Рассказ Владислава Шалеева о войне на Донбасе "Как я провел лето"

Бердянськ 24
15.04.2015 · 09:50 · переглядів - 3454

Я лежу в пожухлой августовской траве, широко раскинув руки в стороны. Я гляжу в небо, рассматривая застывшие под солнцем облака…

Рассказ Владислава Шалеева о войне на Донбасе "Как я провел лето"

Мне всегда нравилось отыскивать в этих пушистых комочках, похожих на «сладкую вату», воображаемые очертания разных зверушек.

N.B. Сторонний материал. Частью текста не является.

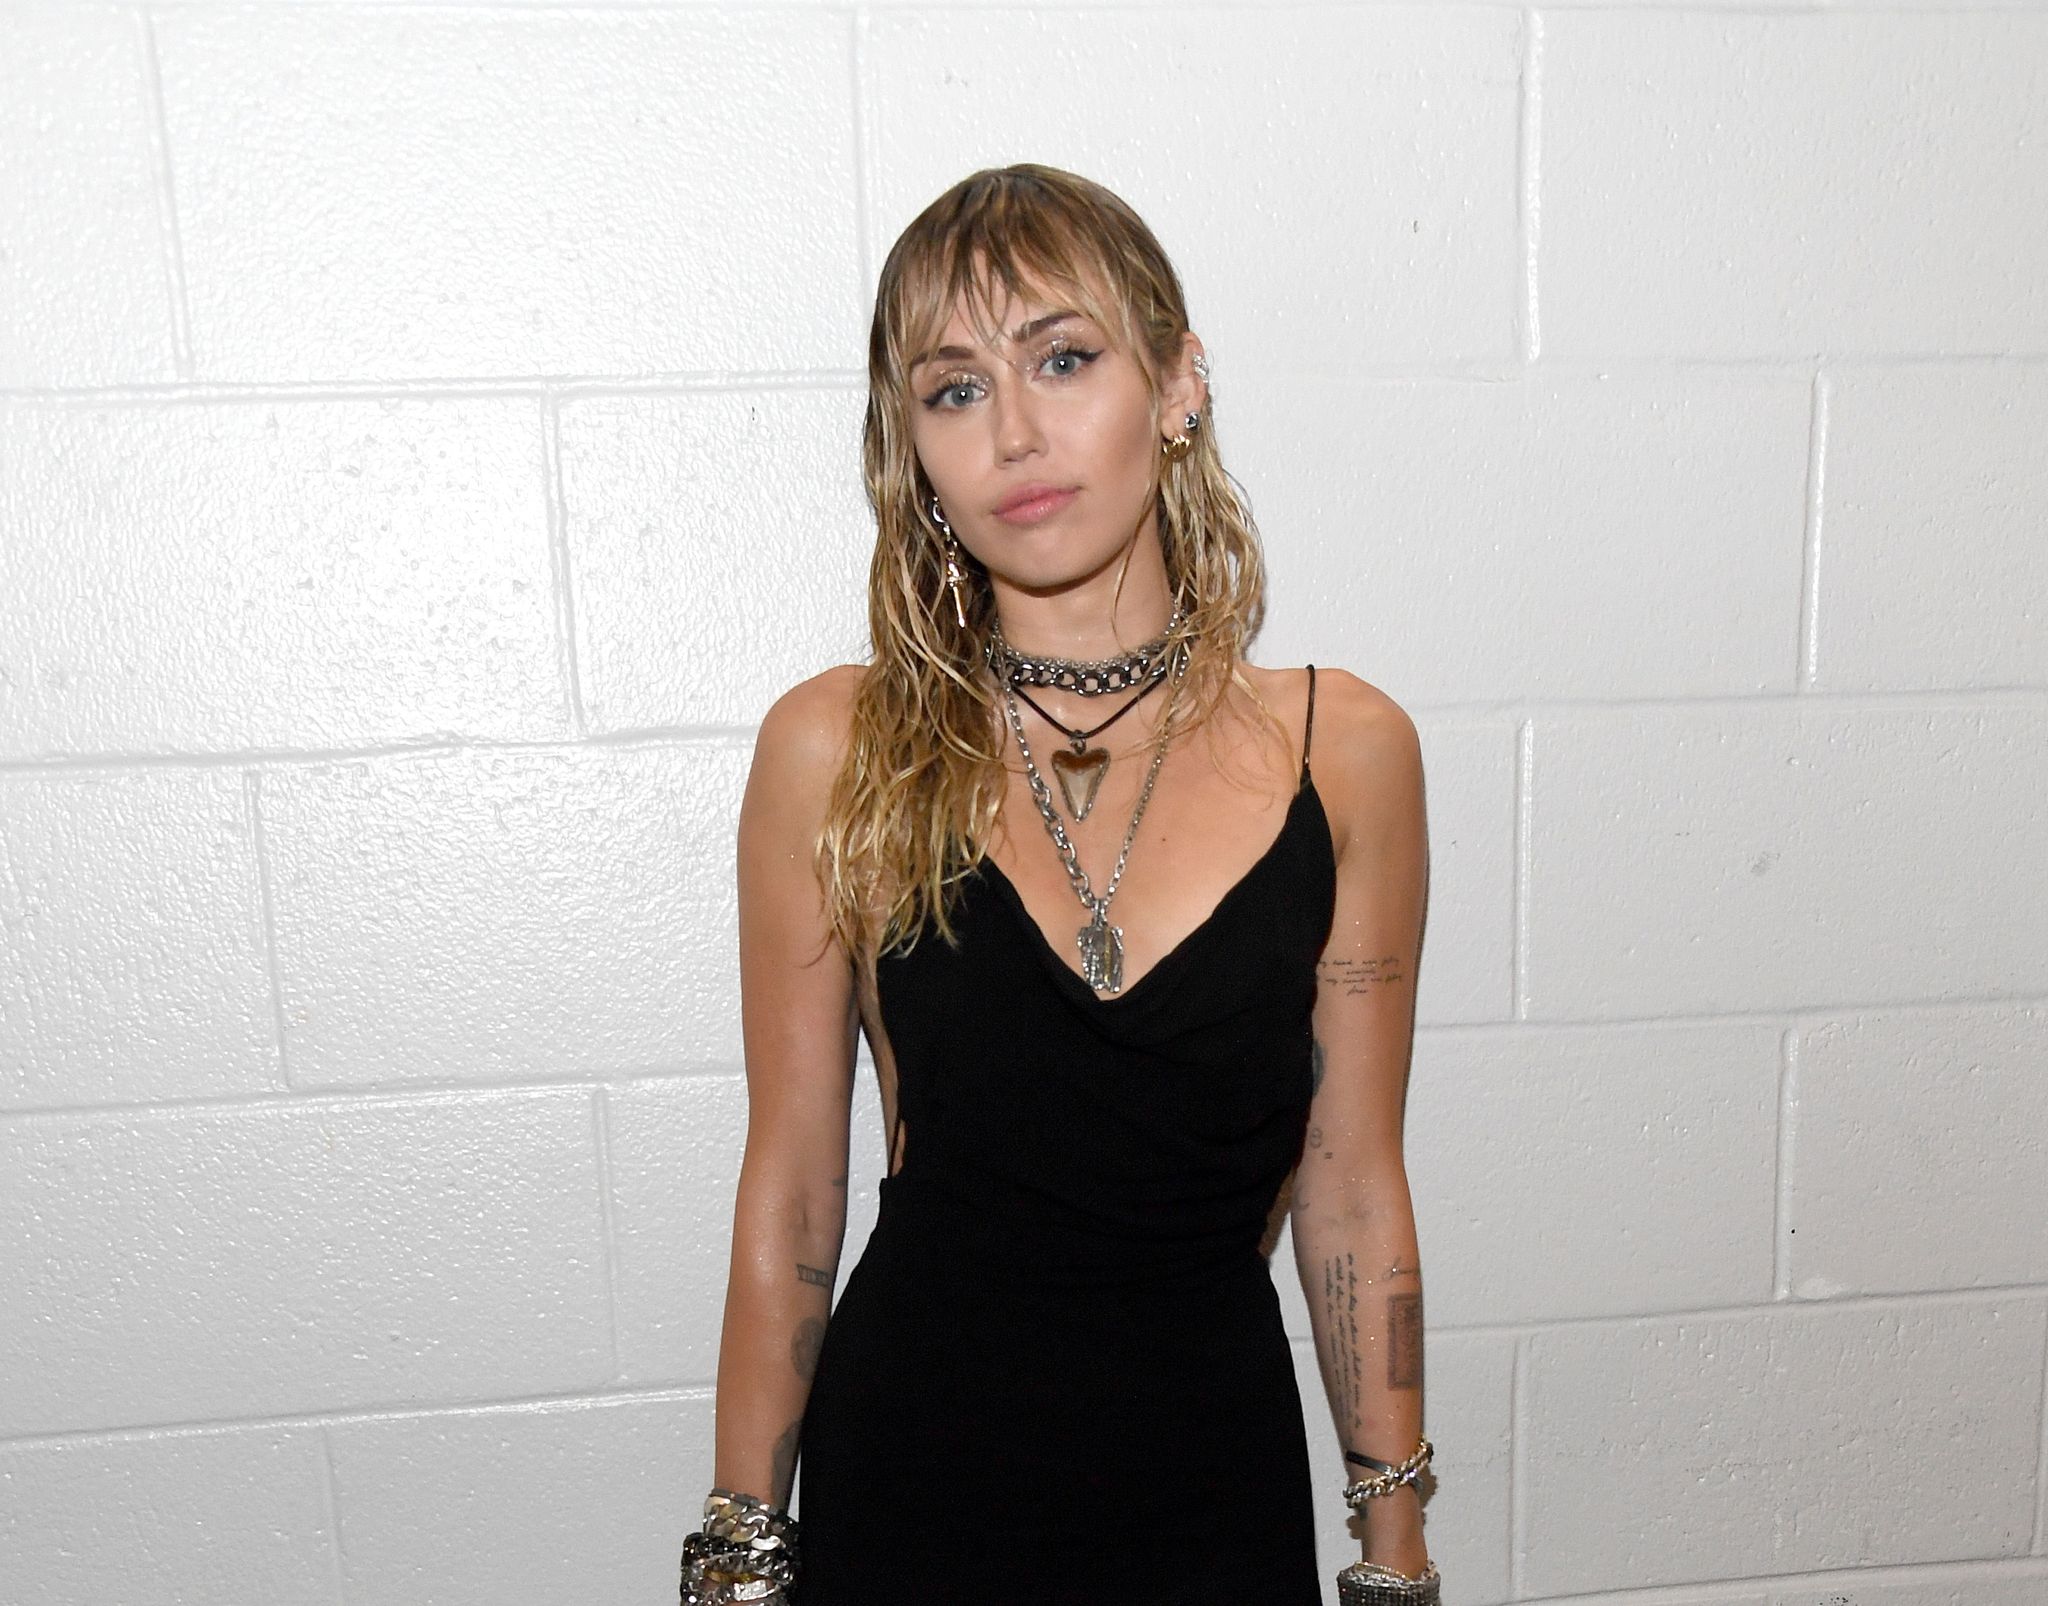 miley cyrus opens up about being six months sober and family addiction

Вот - белая лисичка. Волшебным образом перьевые окончания небольшого облака превращались в узкую мордочку хитрого животного. Я Богдан Неседин. Завтра мне исполнится восемь.

Отличать вой падающей миномётной мины от шороха артиллерийского снаряда я научусь быстро. Если услышал звук летящей болванки, опасности нет. Это означает, что железяка пролетела мимо и, разорвавшись, ляжет на безопасном расстоянии. Смертельный снаряд придёт за тобой беззвучно.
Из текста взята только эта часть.